With forward sb iteration order, #3 happens before #1, so the
loop mounted fs changes are not really being made durable by
a single sync(2) call.

> bdev iteration seems already reversed: inode_sb_list_add adds to the head
>

I think bdev iteration order will not make a difference in this case.
flushing /dev/loopX will not be needed and it happens too late
anyway.

Thanks,
Amir.
Konstantin Khlebnikov April 9, 2020, 12:04 p.m.

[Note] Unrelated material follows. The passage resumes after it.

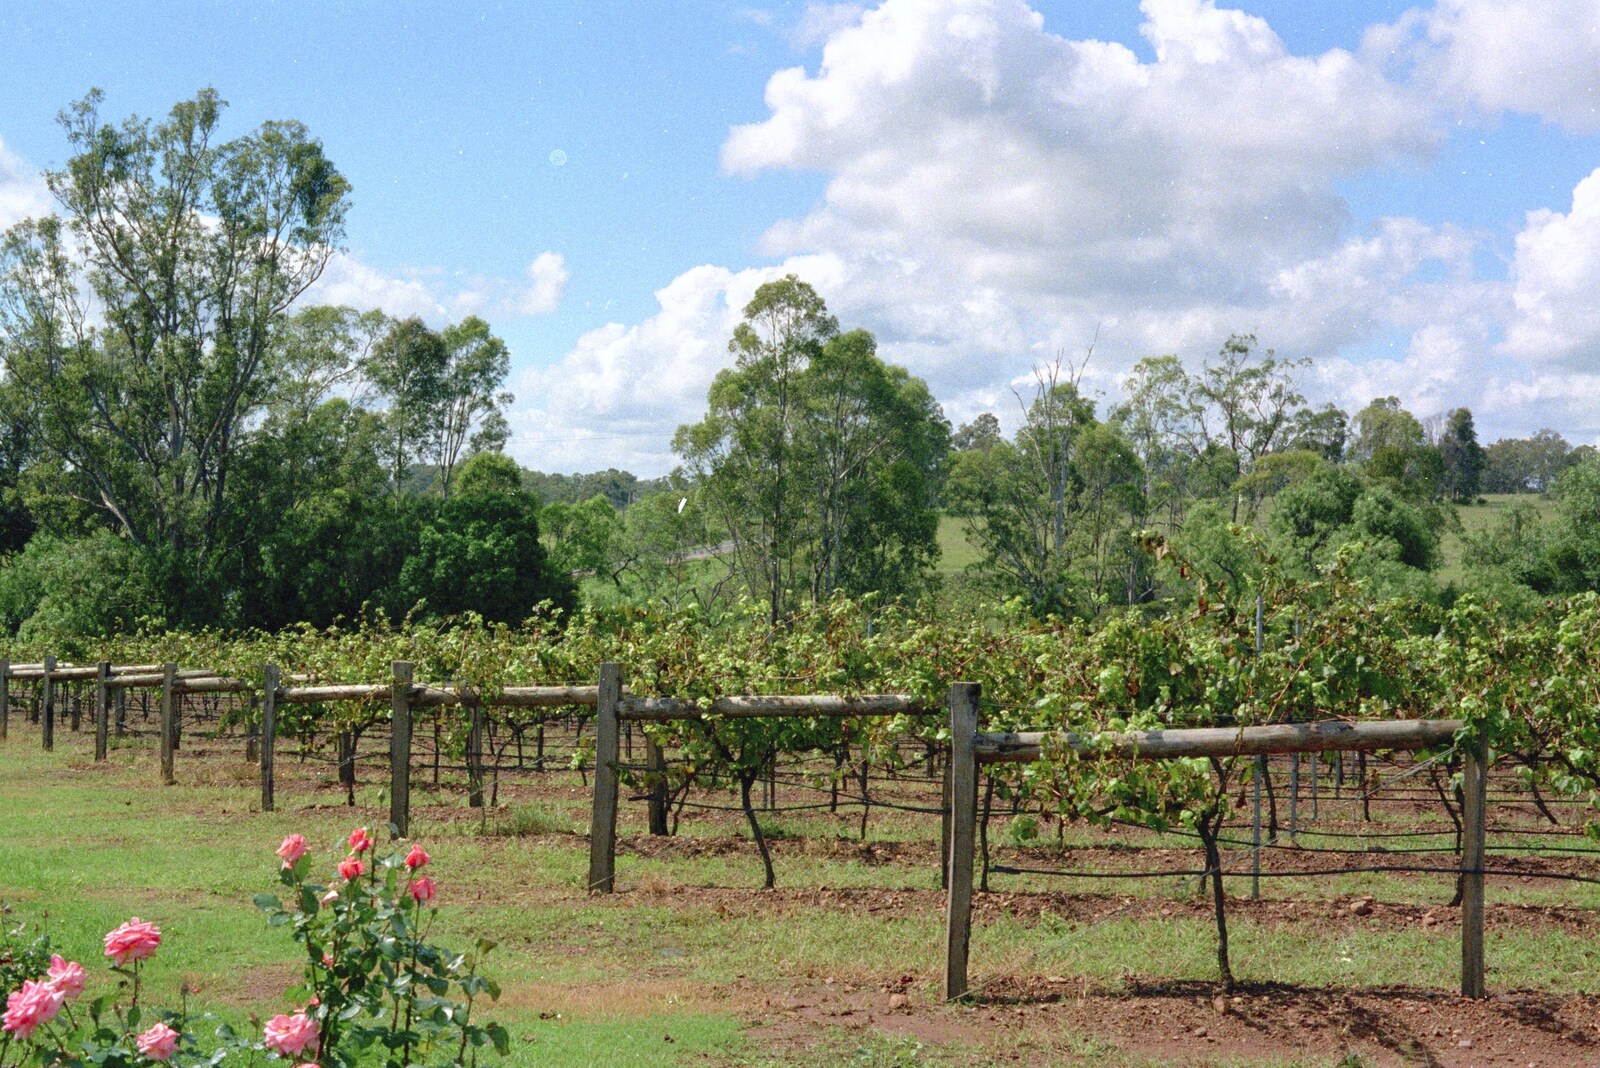 More Wyndham vines from A Trip to the Zoo, Sydney, Australia - 7th April 2000
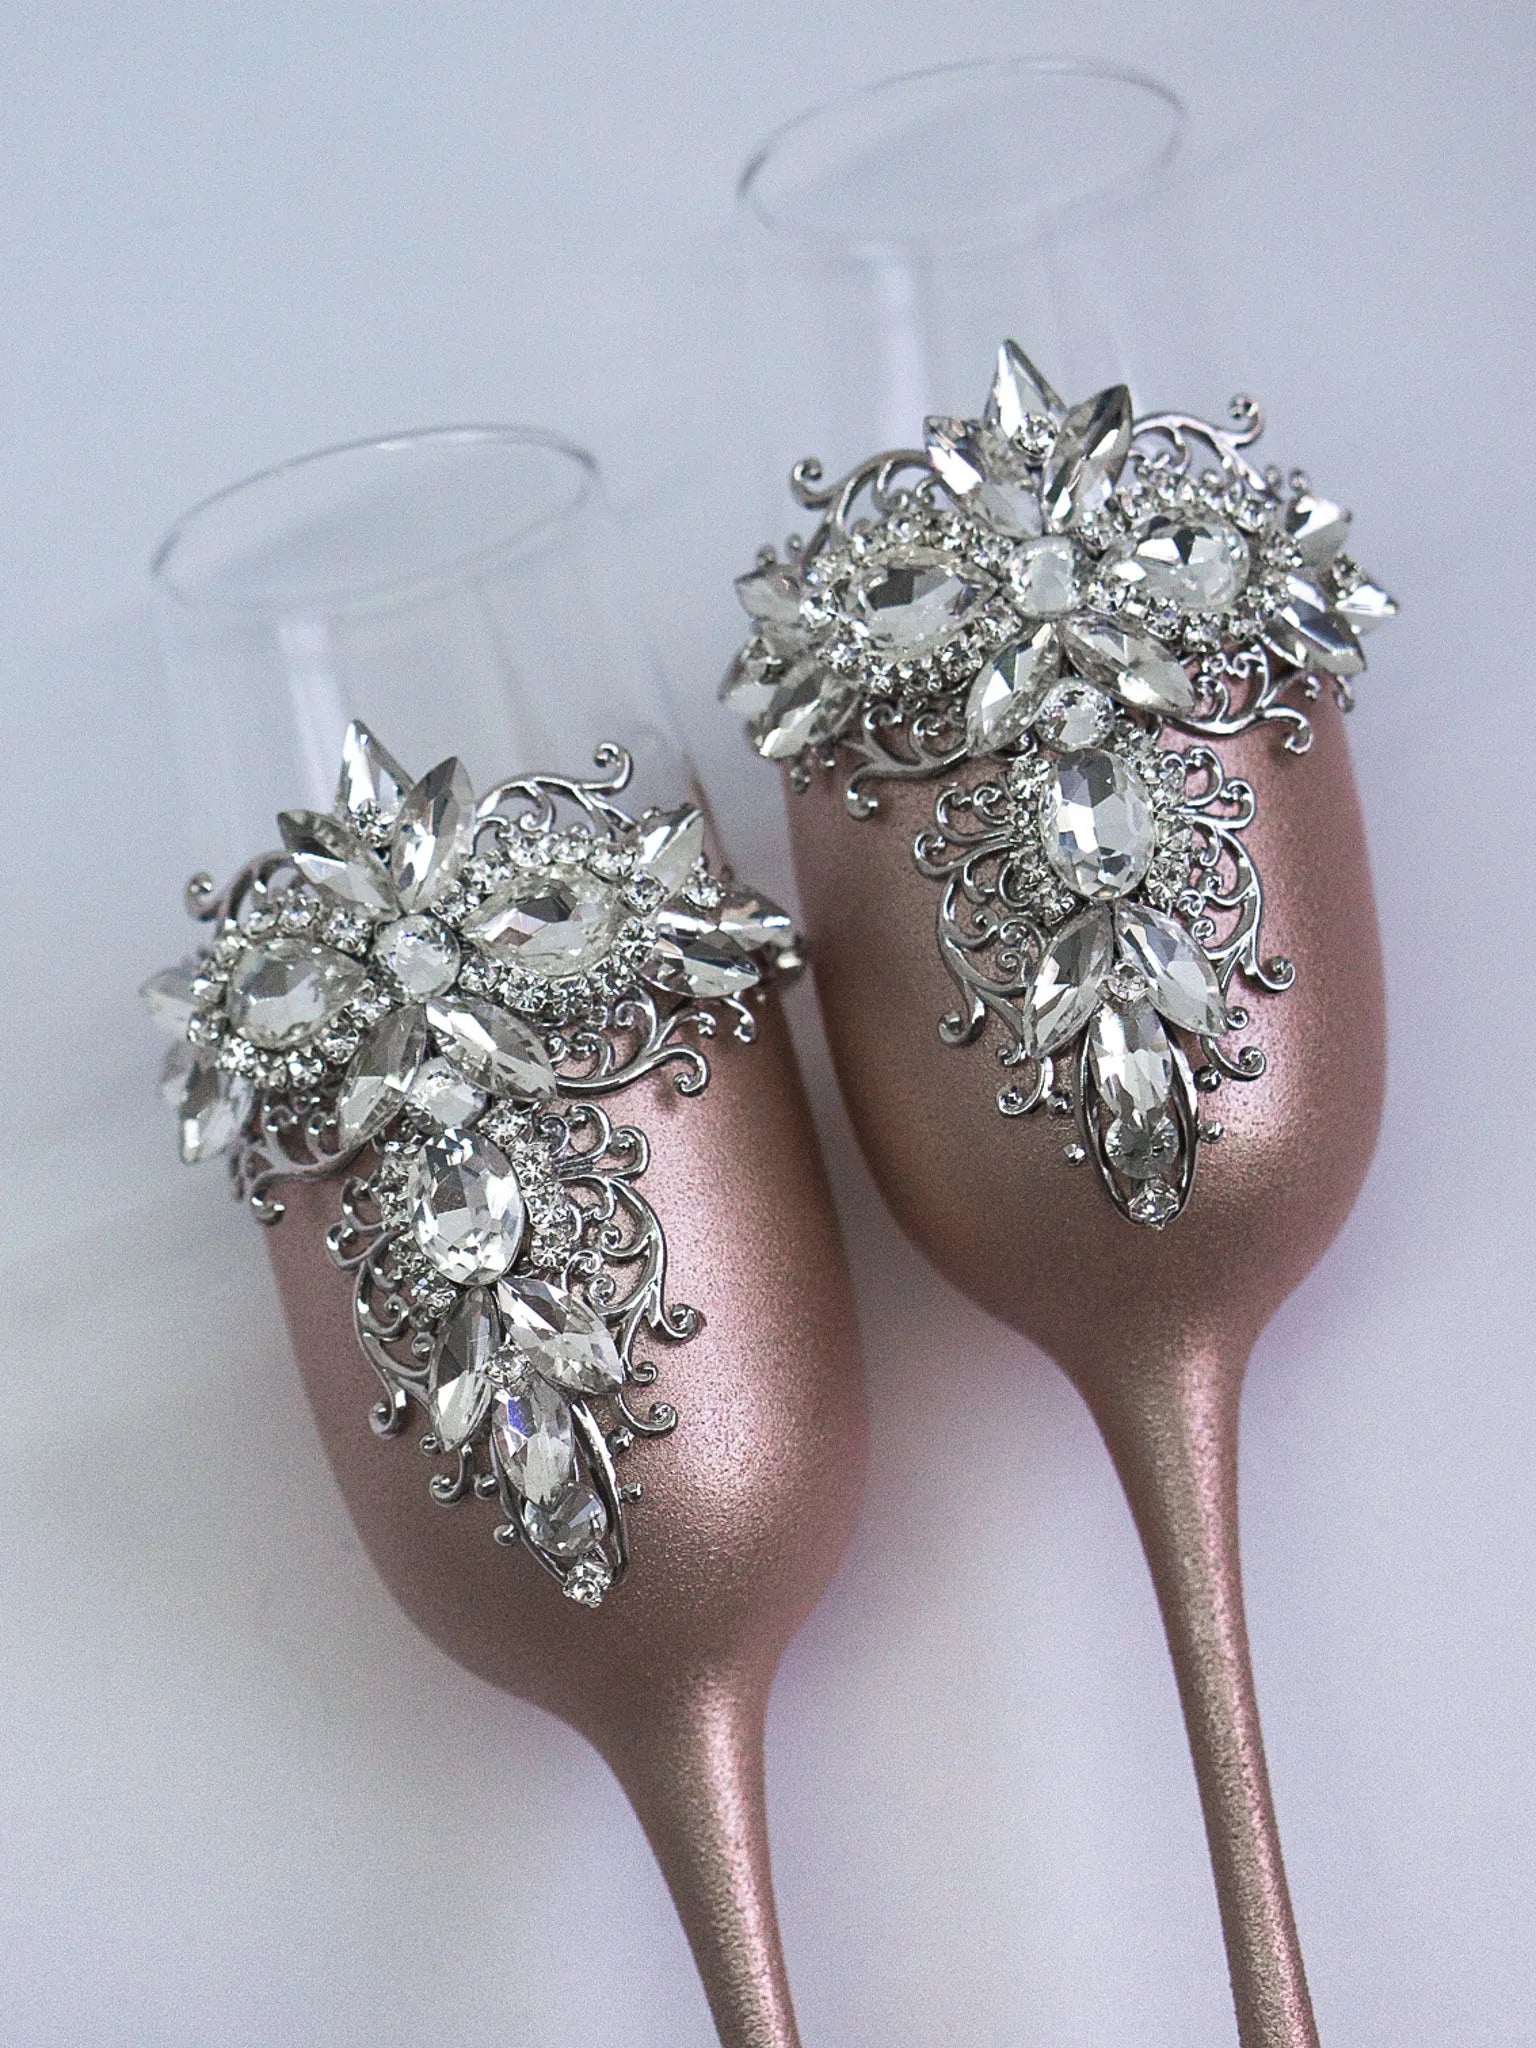 Engraved silver and rose gold champagne glasses

UTC | #4
On 09/04/2020 14.48, Amir Goldstein wrote:
> On Thu, Apr 9, 2020 at 2:28 PM Konstantin Khlebnikov
> <khlebnikov@yandex-team.ru> wrote:
>>
>> On 09/04/2020 13.23, Amir Goldstein wrote:
>>> On Thu, Apr 9, 2020 at 11:30 AM Konstantin Khlebnikov
>>> <khlebnikov@yandex-team.ru> wrote:
>>>>
>>>> Stacked filesystems like overlayfs has no own writeback, but they have to
>>>> forward syncfs() requests to backend for keeping data integrity.
>>>>
>>>> During global sync() each overlayfs instance calls method ->sync_fs()
>>>> for backend although it itself is in global list of superblocks too.
>>>> As a result one syscall sync() could write one superblock several times
>>>> and send multiple disk barriers.
>>>>
>>>> This patch adds flag SB_I_SKIP_SYNC into sb->sb_iflags to avoid that.
>>>>
>>>> Reported-by: Dmitry Monakhov <dmtrmonakhov@yandex-team.ru>
>>>> Signed-off-by: Konstantin Khlebnikov <khlebnikov@yandex-team.ru>
>>>> ---
>>>
>>> Seems reasonable.
>>> You may add:
>>> Reviewed-by: Amir Goldstein <amir73il@gmail.com>
>>>
>>> +CC: containers list
>>
>> Thanks
>>
>>>
>>> This bring up old memories.
>>> I posted this way back to fix handling of emergency_remount() in the
>>> presence of loop mounted fs:
>>> https://lore.kernel.org/linux-ext4/CAA2m6vfatWKS1CQFpaRbii2AXiZFvQUjVvYhGxWTSpz+2rxDyg@mail.gmail.com/
>>>
>>> But seems to me that emergency_sync() and sync(2) are equally broken
>>> for this use case.
>>>
>>> I wonder if anyone cares enough about resilience of loop mounted fs to try
>>> and change the iterate_* functions to iterate supers/bdevs in reverse order...
>>
>> Now I see reason behind "sync; sync; sync; reboot" =)
>>
>> Order old -> new allows to not miss new items if list modifies.
>> Might be important for some users.
>>
> 
> That's not the reason I suggested reverse order.
> The reason is that with loop mounted fs, the correct order of flushing is:
> 1. sync loop mounted fs inodes => writes to loop image file
> 2. sync loop mounted fs sb => fsyncs the loop image file
> 3. sync the loop image host fs sb
> 
> With forward sb iteration order, #3 happens before #1, so the
> loop mounted fs changes are not really being made durable by
> a single sync(2) call.

If fs in loop mounted with barriers then sync_fs will issue
REQ_OP_FLUSH to loop device and trigger fsync() for image file.
Sync() might write something twice but data should be safe.
Without barriers this scenario is broken for sure.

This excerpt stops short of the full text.